GUATEMALA: A criminal and drug offenses trial judge was shot and killed on Wednesday in Petén while eating at a restaurant. Waldo Josué Alvizures Ruano served on a municipal court in San Benito, a municipality about 300 miles north of Guatemala City. Along with Alvizures Ruano’s family, the country’s judicial body called for an immediate investigation into the murder. The Public Ministry announced it had already begun investigating the crime scene. Local news outlet Soy502 reported that attorney Jenniffer DellAcqua was also injured during the attack. Her family said that she is currently hospitalized, but authorities have not confirmed the second casualty.

HONDURAS: The United States Southern Command chief, Admiral Craig S. Faller, visited Honduras on Tuesday to congratulate President Juan Orlando Hernández for his government’s role in “Operation Dominion.” The operation, which focused on combating drug trafficking and organized crime in Central America, was carried out from April to October by military members of both countries. In total, authorities arrested 195 criminals and intercepted quantities of cash and drugs. Hernández emphasized the need for the two countries to continue their work together. Honduras has seen a slight decrease in violence, but human rights organizations still record between 11 and 13 violent deaths each day.

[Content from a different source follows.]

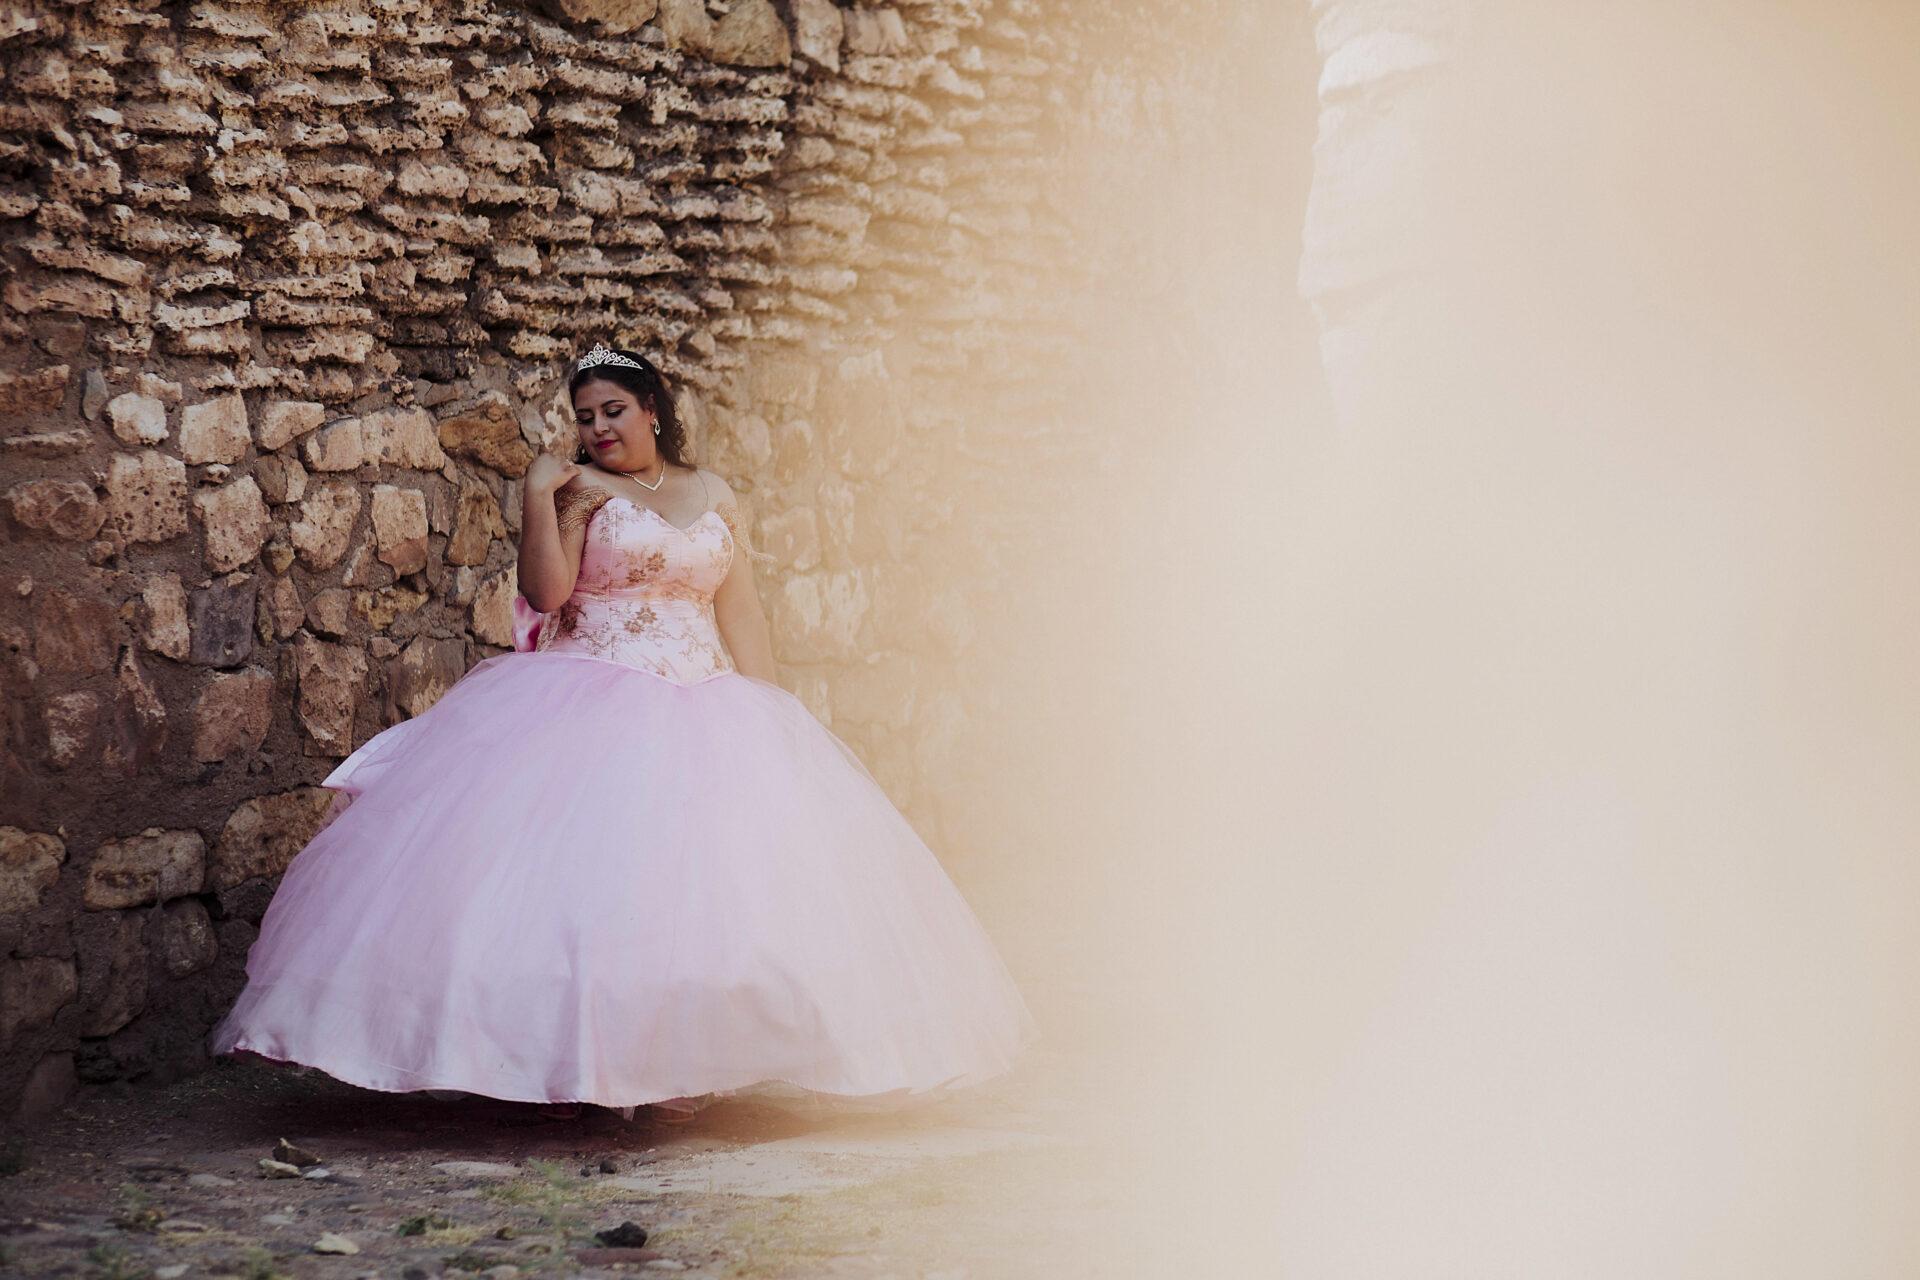 javier_noriega_fotografo_bodas_zacatecas_xv_años_chihuahua00016

PANAMA: German authorities have issued an arrest order for two Panamanian lawyers whose firm is connected to the Panama Papers scandal even though Panama’s constitution prohibits the extradition of its citizens. Attorneys Juergen Mossack and Ramón Fonseca already face charges in Panama and are prohibited from leaving the country while currently out on bond after a two-month jail stint. Their charges relate to their involvement in hiding bribe money for the Brazilian construction company Odebrecht, as well as the Panama Papers scandal, which uncovered an international tax evasion scheme implicating various public figures and wealthy individuals.


MEXICO: Inflation has increased to 4.09% in October, according to Mexico’s National Institute of Statistics and Geography (INEGI). The Bank of Mexico had expected the increase to be at about 3.5% by the end of the year. The products that increased in price include electricity, tomatoes, domestic gas, onions and cacti. Mexico has the highest inflation rate in all of Latin America, which has worsened due to the current economic crisis as a result of COVID-19.

MEXICO: The Mexican House of Representatives endorsed President Andrés Manuel López Obrador’s referendum against his predecessors on corruption with 272 votes. The referendum is looking at the administrations of former Presidents Carlos Salinas de Gortari, Ernesto Zedillo Ponce de León, Felipe Calderón Hinojosa and Enrique Peña Nieto for being involved in the “privatization rife with cronyism, spiraling violence, and an increasing concentration of wealth,” according to The Guardian.